Si quieres algo directo, empieza por piezas con groove claro (por ejemplo, un estándar como “Solar”) y luego pasa a originales como “Bebop, of Course” o “Lullaby for a Ladybug”. Deja para después los interludios y dúos más abstractos si prefieres una escucha más “melódica”.
¿Dónde se puede escuchar o comprar *But Who’s Gonna Play the Melody?*?
Está disponible en plataformas digitales y también en formatos físicos según la edición (CD y vinilo).
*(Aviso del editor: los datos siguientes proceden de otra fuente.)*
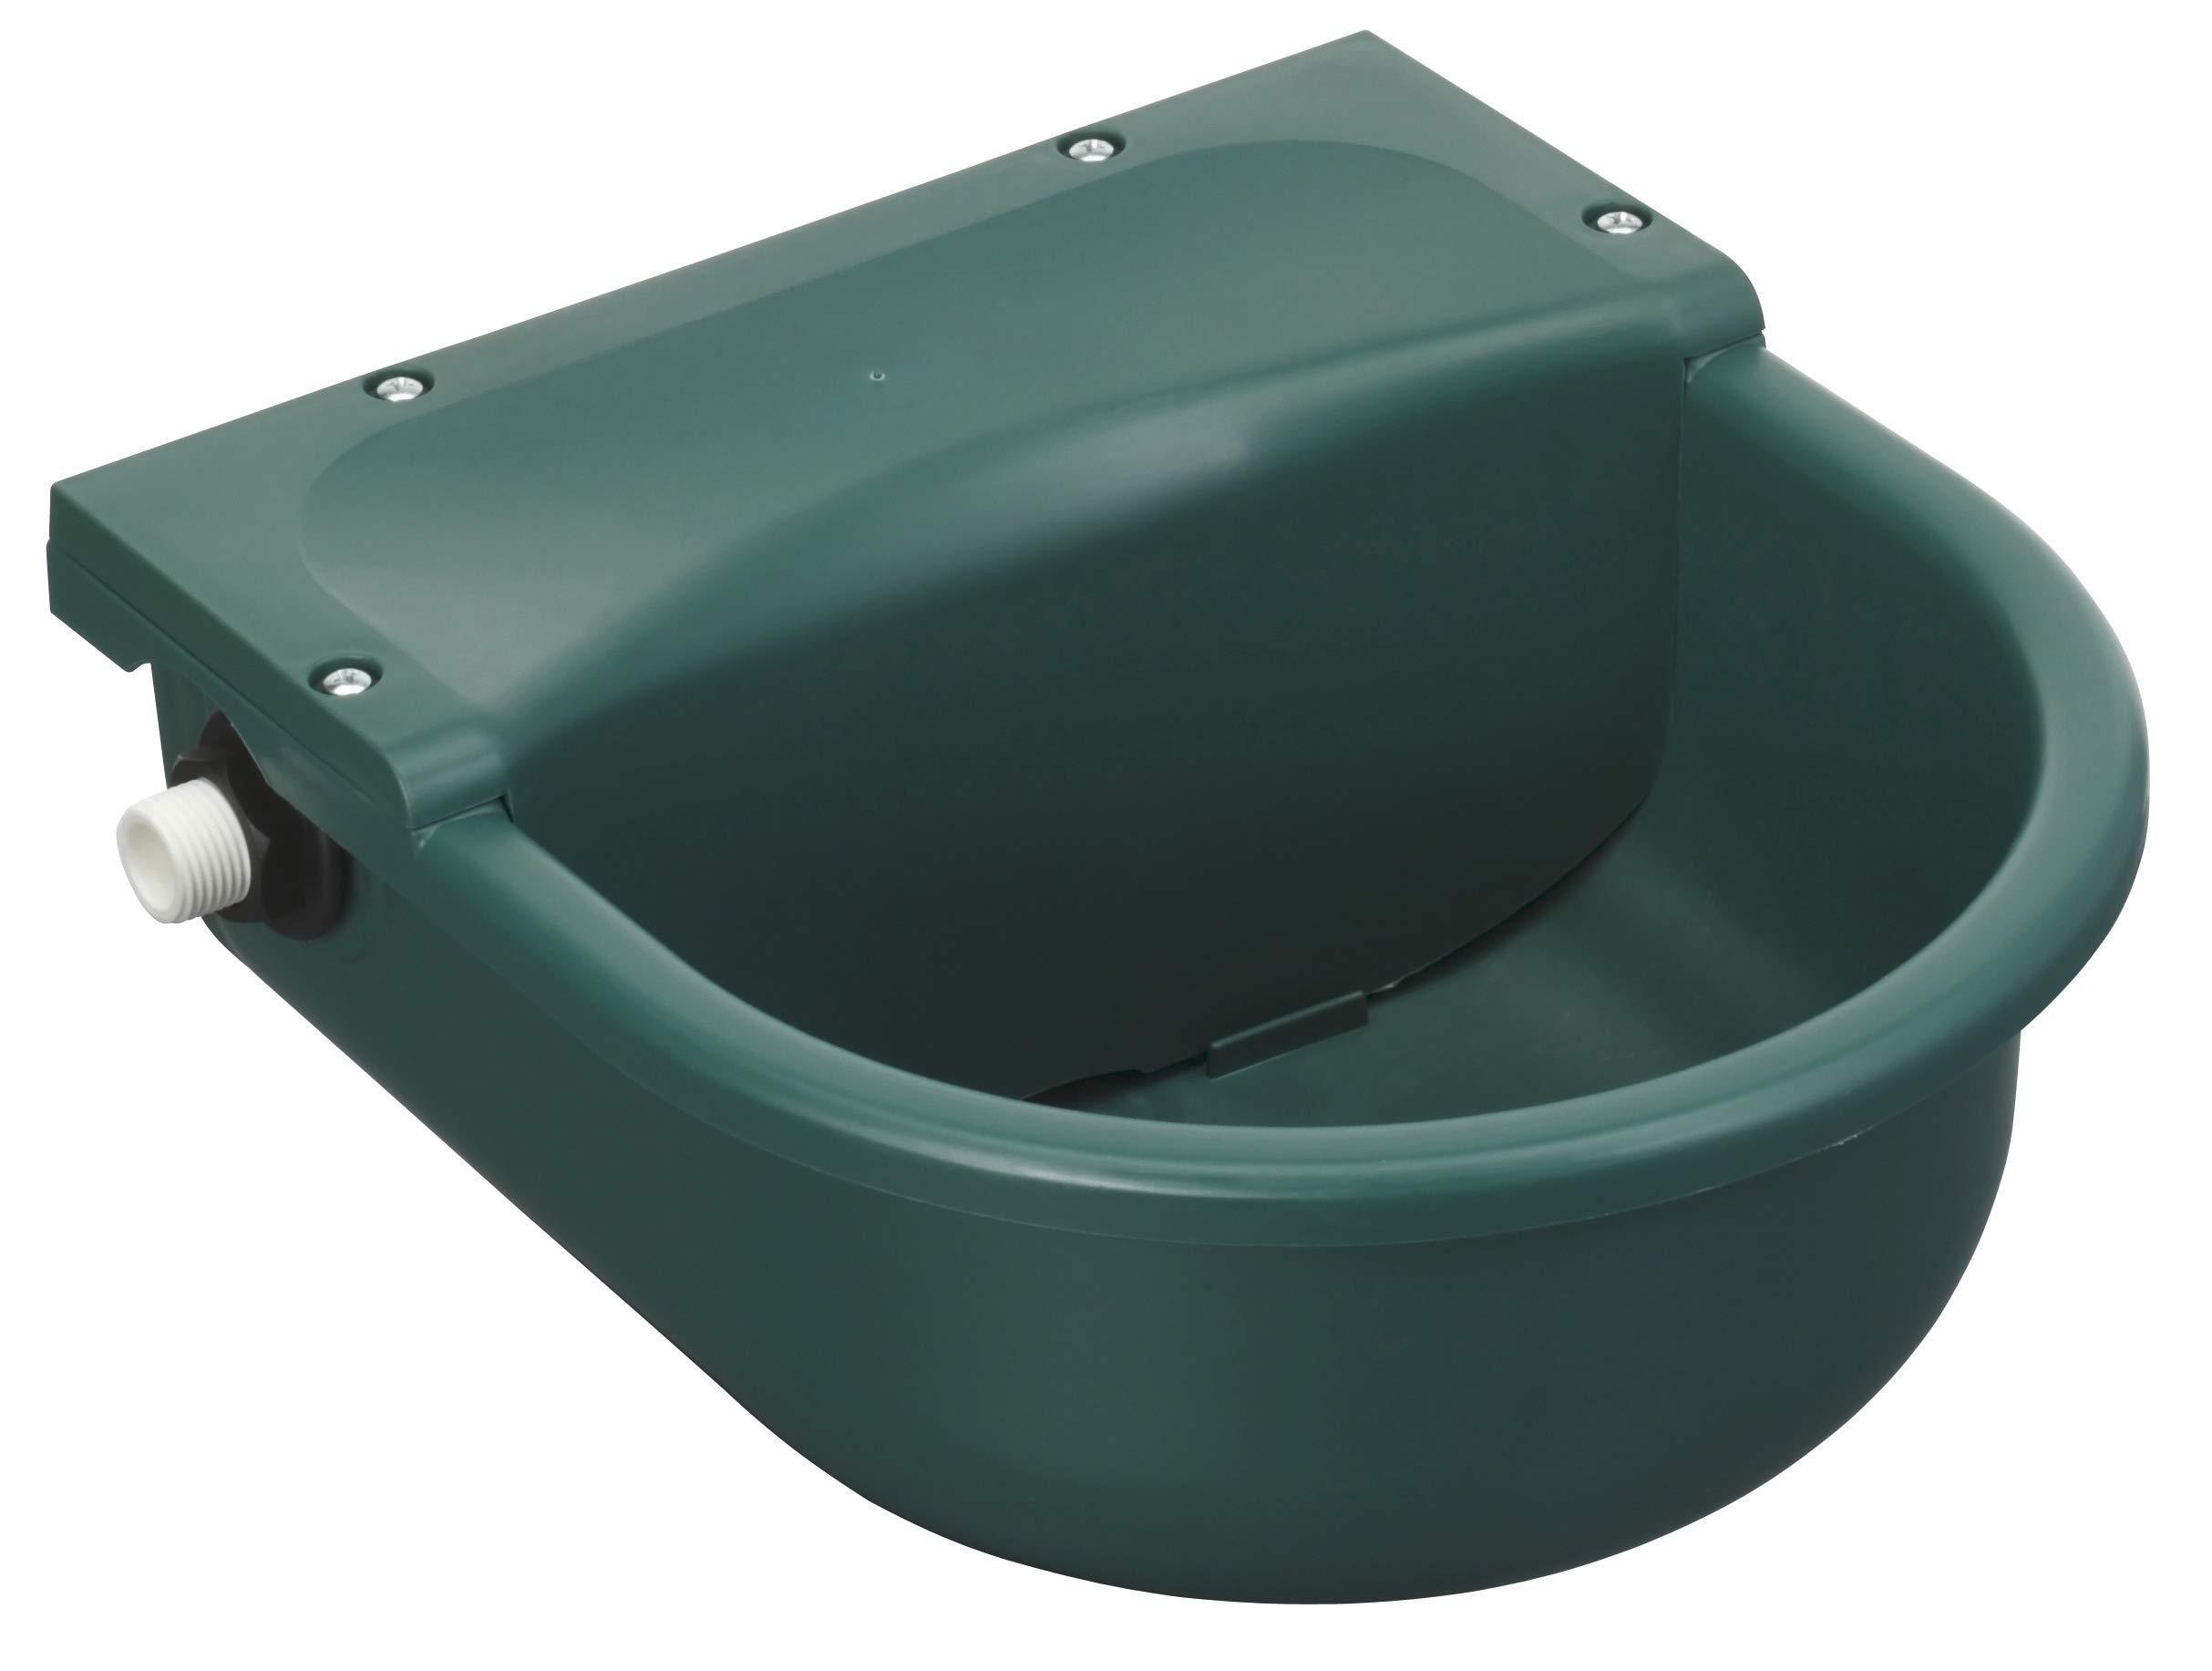 Bebedero con flotador verde de plástico, 3 l product image

Para evitar listados confusos, busca el lanzamiento asociado a Mack Avenue y vendedores confiables. Si coleccionas vinilo, revisa la descripción del prensado (a veces hay ediciones especiales o de tirada limitada).
¿A quién le va a gustar especialmente este álbum?
Es ideal para fans del jazz acústico, bajistas y estudiantes de armonía/arreglo, oyentes que disfrutan cruces entre jazz y música de cámara, y quienes buscan una escucha “audiophile” centrada en timbre y detalle. Si esperas un disco con batería y vientos, acá el foco es la conversación íntima entre dos instrumentos.